Все эти персонажи принадлежат к миру «нерискованного» безумия. При этом речь идет о демонстрационных фигурах литературной игры. Интерес — исключительно литературно-философский, без видимого приближения к самому безумию. Иначе у Гофмана. Без рационалистического отрицания и вопреки романтической мистификации, к которой и сам он порой прибегает, он ищет понимающее приближение к безумию, такое приближение, которое в конечном счете раскрывает понятие болезни — раскрывает посредством того, что позицию отстраняющего объяснения включает в понимание.

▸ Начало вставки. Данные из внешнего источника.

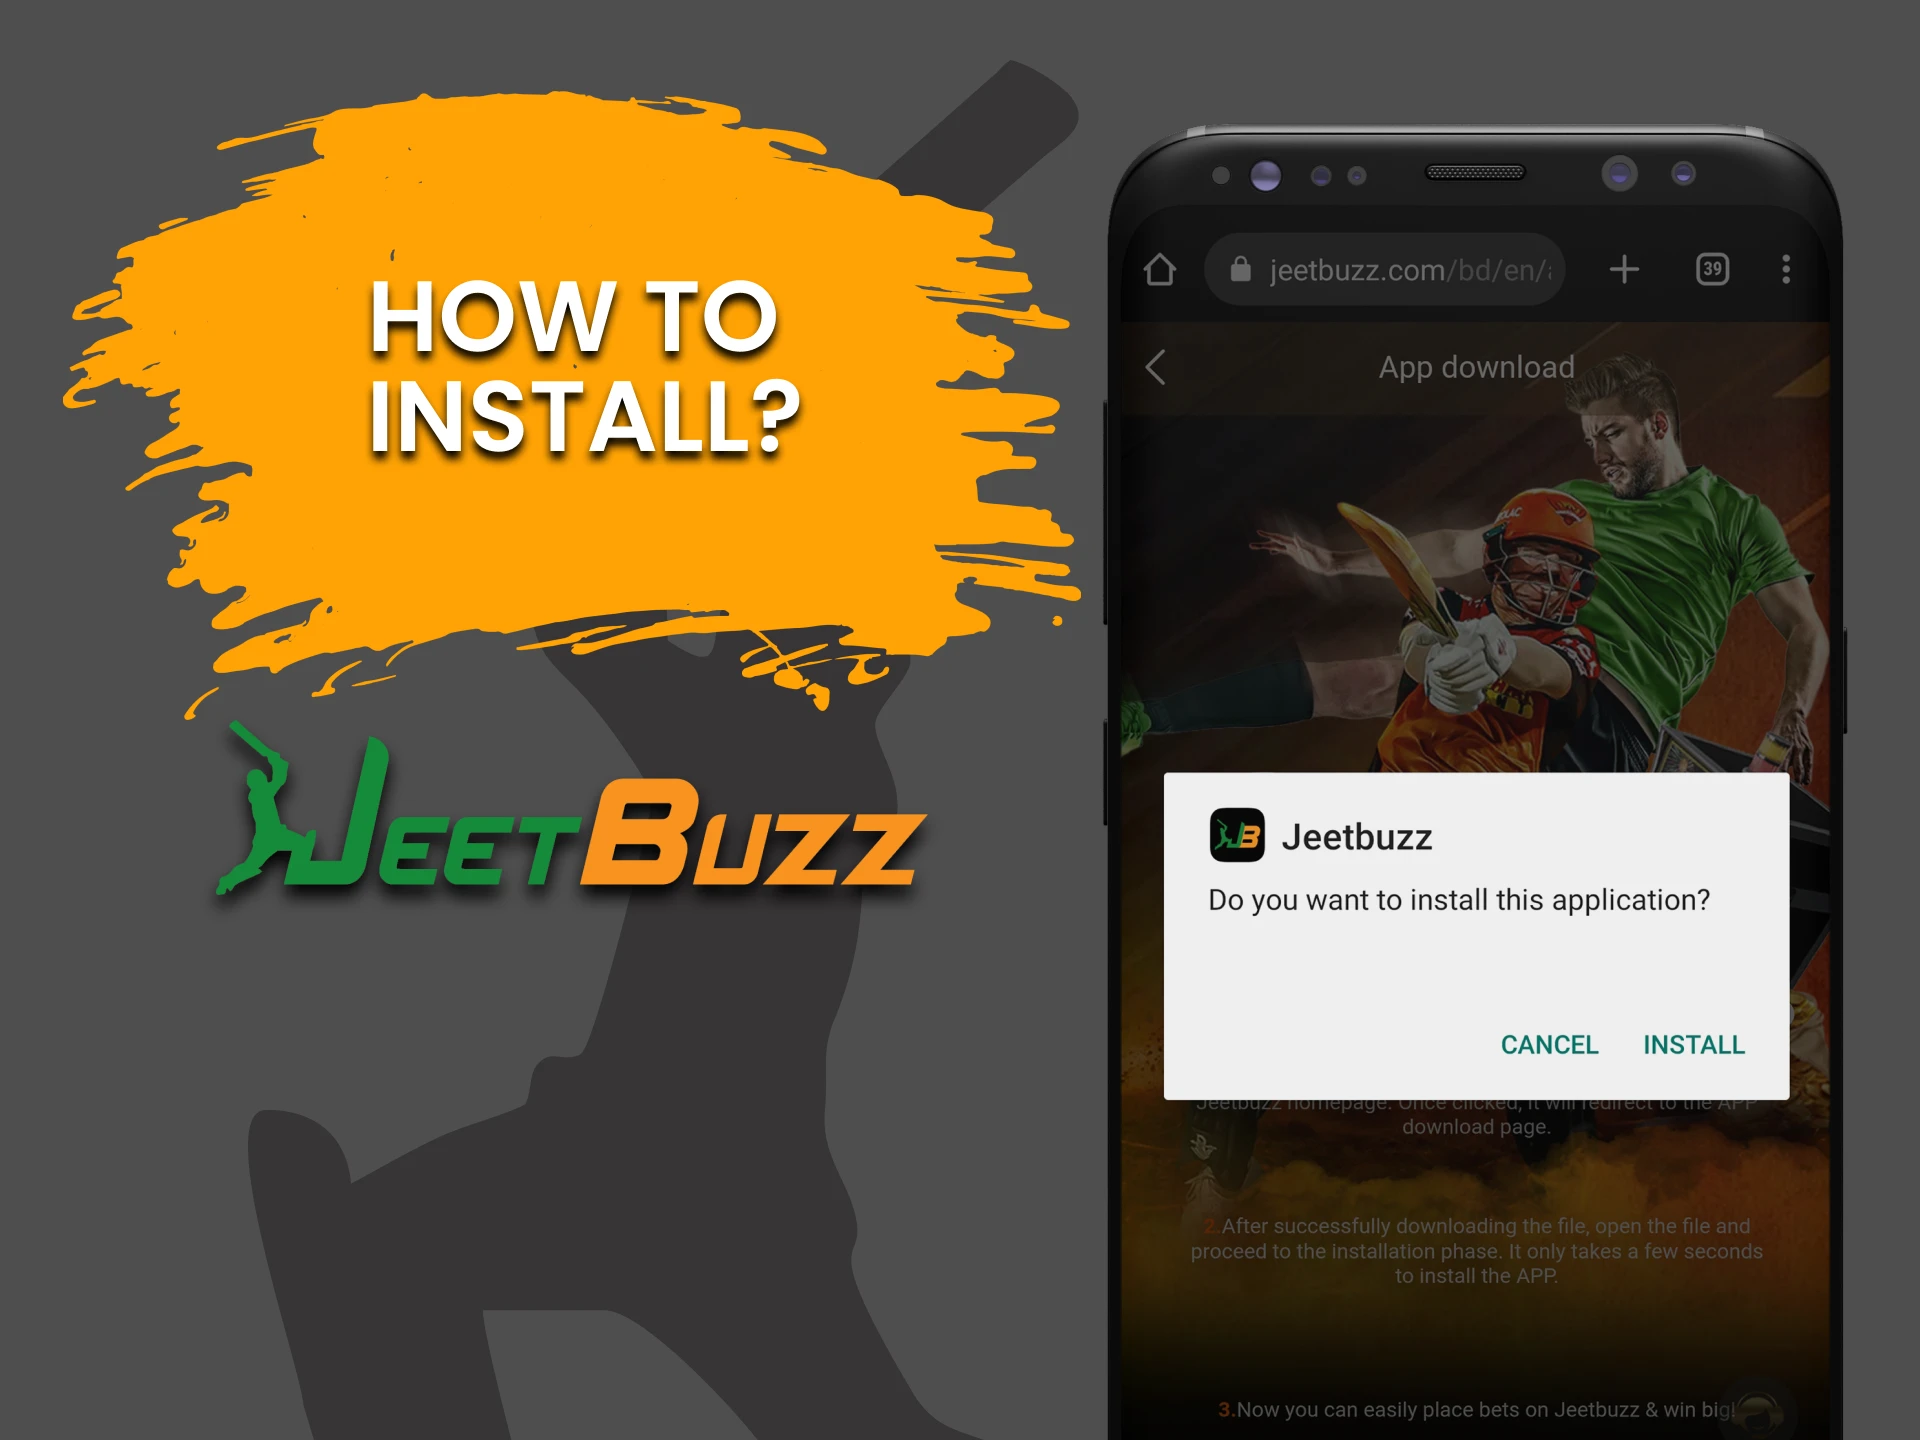 We'll show you how to install the JeetBuzz app.

В расхожей драме наследственного рока трагедия Медарда начинается с вины предка. Однако с точки зрения психологического реализма трагедия, рисуемая Гофманом, начинается с того, что Медард предназначается для безбрачия, то есть для борьбы с плотскими желаниями, еще прежде, чем он их как следует осознал. По этой причине уже первые признаки пробуждающейся сексуальности действуют на юного Медарда угрожающе. Они подрывают то, что он считает своим предназначением, своим подлинным «я»: «Однажды утром, придя к концертмейстеру на урок, я нечаянно застал его сестру в легком утреннем наряде с почти совершенно обнаженной грудью… Неведомое прежде чувство стремительно всколыхнулось во мне… Моя грудь была судорожно стеснена… внутри меня неумолимо нарастал страх».
Он ощутил страх, поскольку прежнее представление о самом себе, дававшее ему уверенность, оказалось под угрозой, и поскольку он неожиданно открыл для себя прежде неведомый ему слой своей личности, которую, как ему казалось, он знал: он ощутил «незнакомое чудесное желание, которое, вероятно, было греховным». Он воспринимает плотские желания как нечто враждебное и переносит это чувство на женщину, вызвавшую эти желания: «Охваченный безумным отчаянием, я бросился на пол… я заклинал — я проклинал и девушку, и себя самого». Он хочет убить желание внутри себя, и тут же возникают фантазии об убийстве девушки Сначала он довольствуется символическим уничтожением: он намеревается вычеркнуть сестру концертмейстера из своей жизни, а себя окончательно и бесповоротно замуровать в монастыре, бежав тем самым от вожделения, решительно оградив себя от него. Природные влечения становятся принадлежностью чужого «я», они теперь — автоматизмы, более не поддающиеся интеграции. То, что Медард считает своим истинным «я», он запирает в монастыре, а ложное «я» начинает жить своей жизнью, которая в конце концов не останавливается перед стенами монастыря. За два приема ложное «я» вторгается в отчаянно сопротивляющееся истинное «я»: сначала инфильтрация, а затем овладение.